I'm developing a Web application using F#. Thinking of protecting user input strings from SQL, XSS, and other vulnerabilities.
In two words, I need some compile-time constraints that would allow me discriminate plain strings from those representing SQL, URL, XSS, XHTML, etc.
Many languages have it, e.g.
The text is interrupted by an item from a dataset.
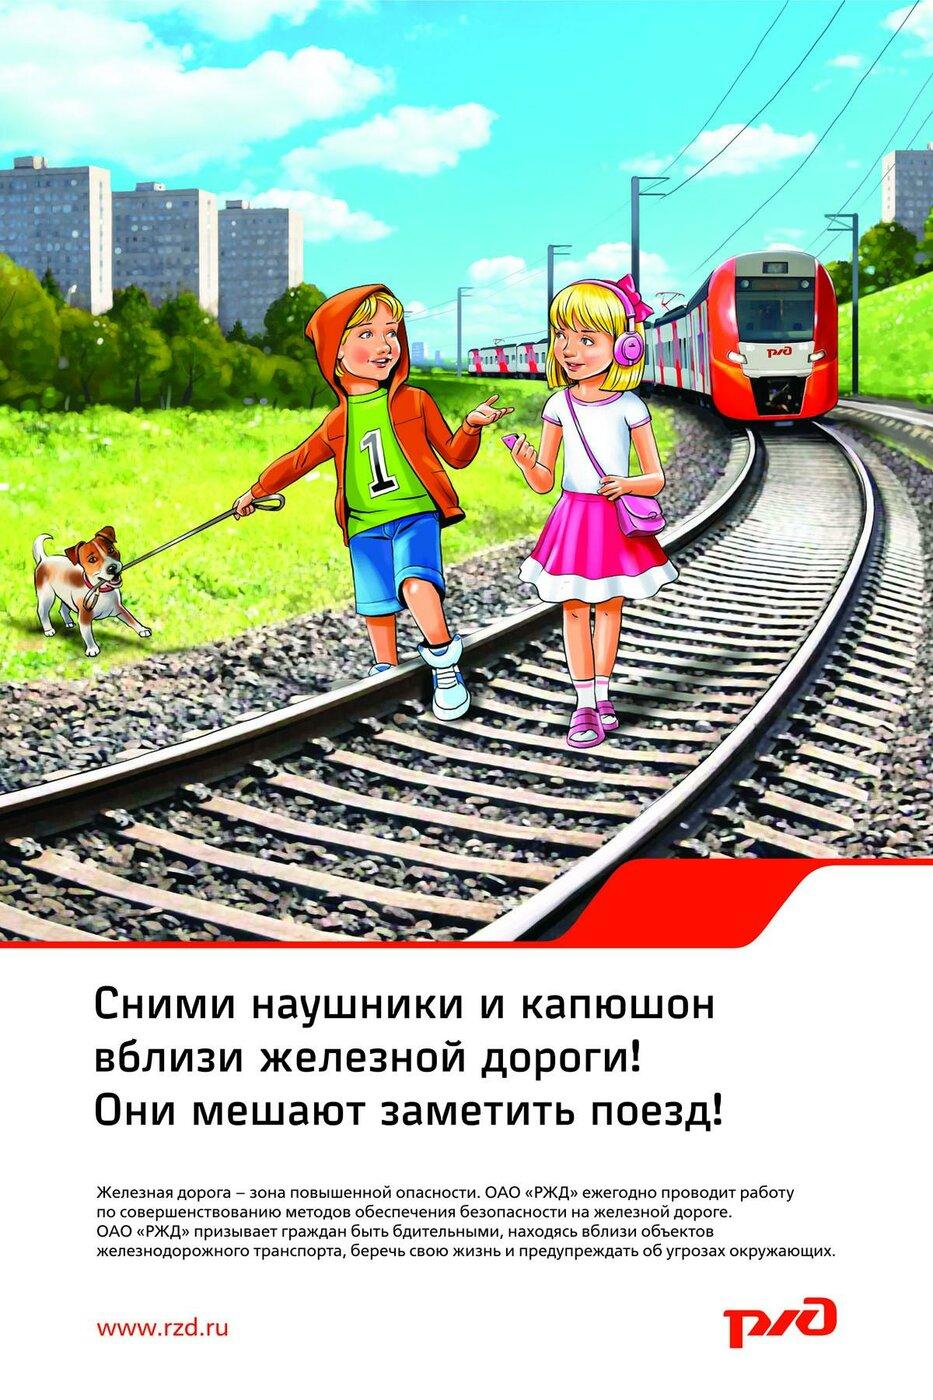 безопастность на железной дороге 1

Ruby’s native string-interpolation feature #{...}
.
With F#, it seems that Units of Measure do very well, but they are only available for numeric types.
There are several solutions employing runtime UoM (link), however I think it's an overhead for my goal.
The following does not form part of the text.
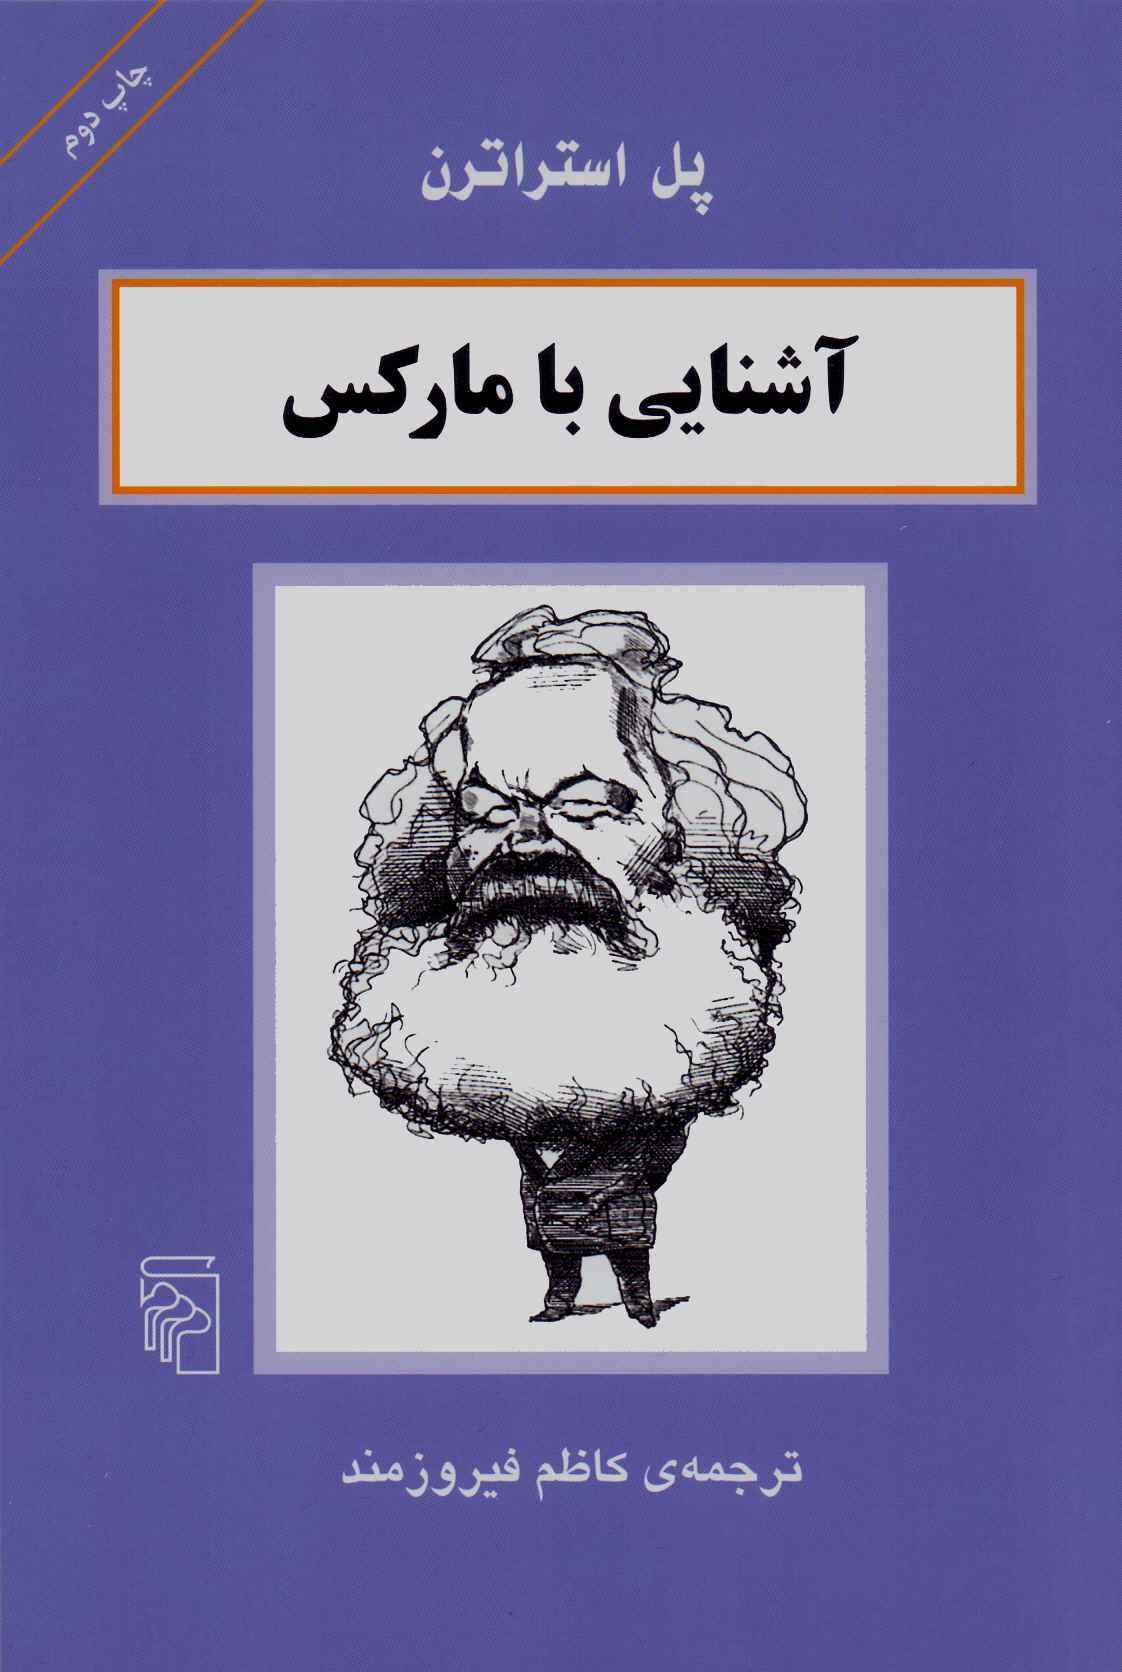 کتاب آشنایی با مارکس

I've looked into FSharpPowerPack, and it seems quite possible to come up with something similar for strings:
[<MeasureAnnotatedAbbreviation>] type string<[<Measure>] 'u> = string
// Similarly to Core.LanguagePrimitives.IntrinsicFunctions.retype
[<NoDynamicInvocation>]
let inline retype (x:'T) : 'U = (# "" x : 'U #)
let StringWithMeasure (s: string) : string<'u> = retype s
[<Measure>] type plain
let fromPlain (s: string<plain>) : string =
// of course, this one should be implemented properly
// by invalidating special characters and then assigning a proper UoM
retype s
// Supposedly populated from user input
let userName:string<plain> = StringWithMeasure "John'); DROP TABLE Users; --"
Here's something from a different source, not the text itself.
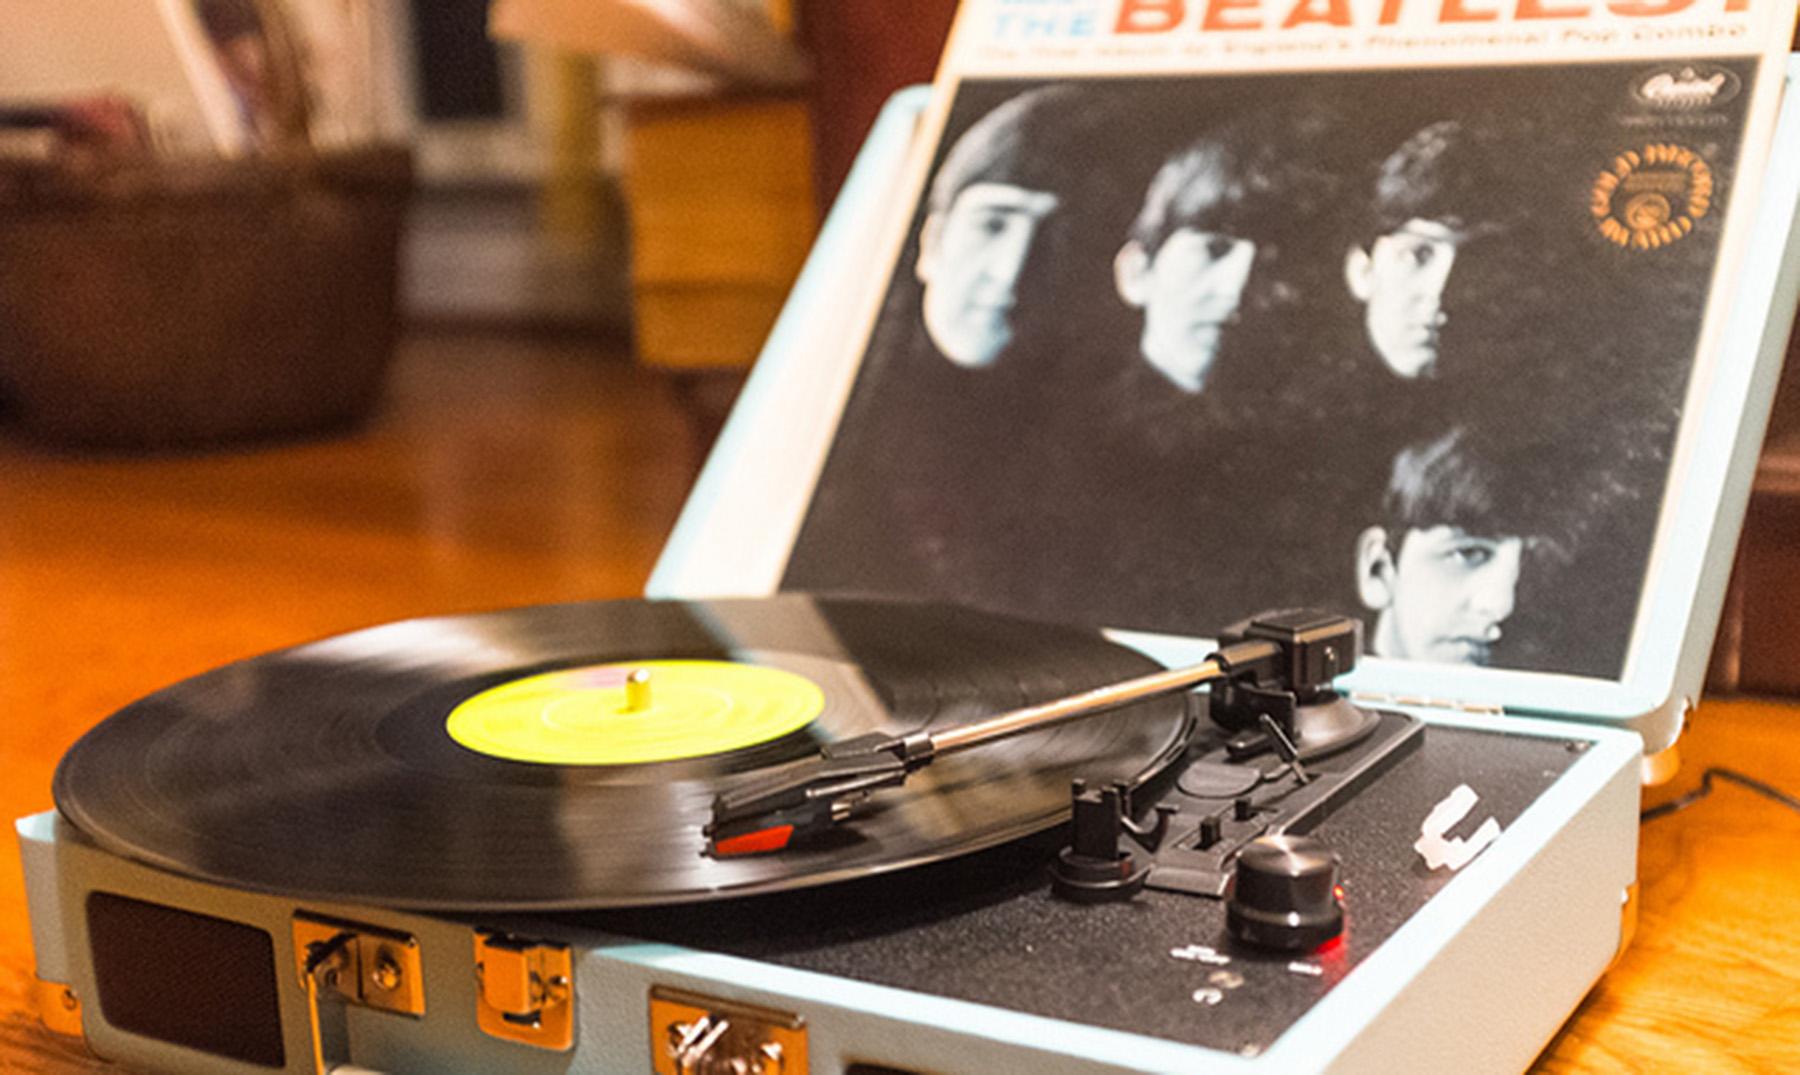 ¿Vuelven los viejos discos de vinilo?

// the following line does not compile
let sql1 = sprintf "SELECT * FROM Users WHERE name='%s';" userName
// the following line compiles fine
let sql2 = sprintf "SELECT * FROM Users WHERE name='%s';" (fromPlain userName)
Note: It's just a sample; don't suggest using SqlParameter
. :-)
My questions are: Is there a decent library that does it? Is there any possibility to add syntax sugar?
Thanks.
Update 1: I need compile-time constraints, thanks Daniel.
Update 2: I'm trying to avoid any runtime overhead (tuples, structures, discriminated unions, etc).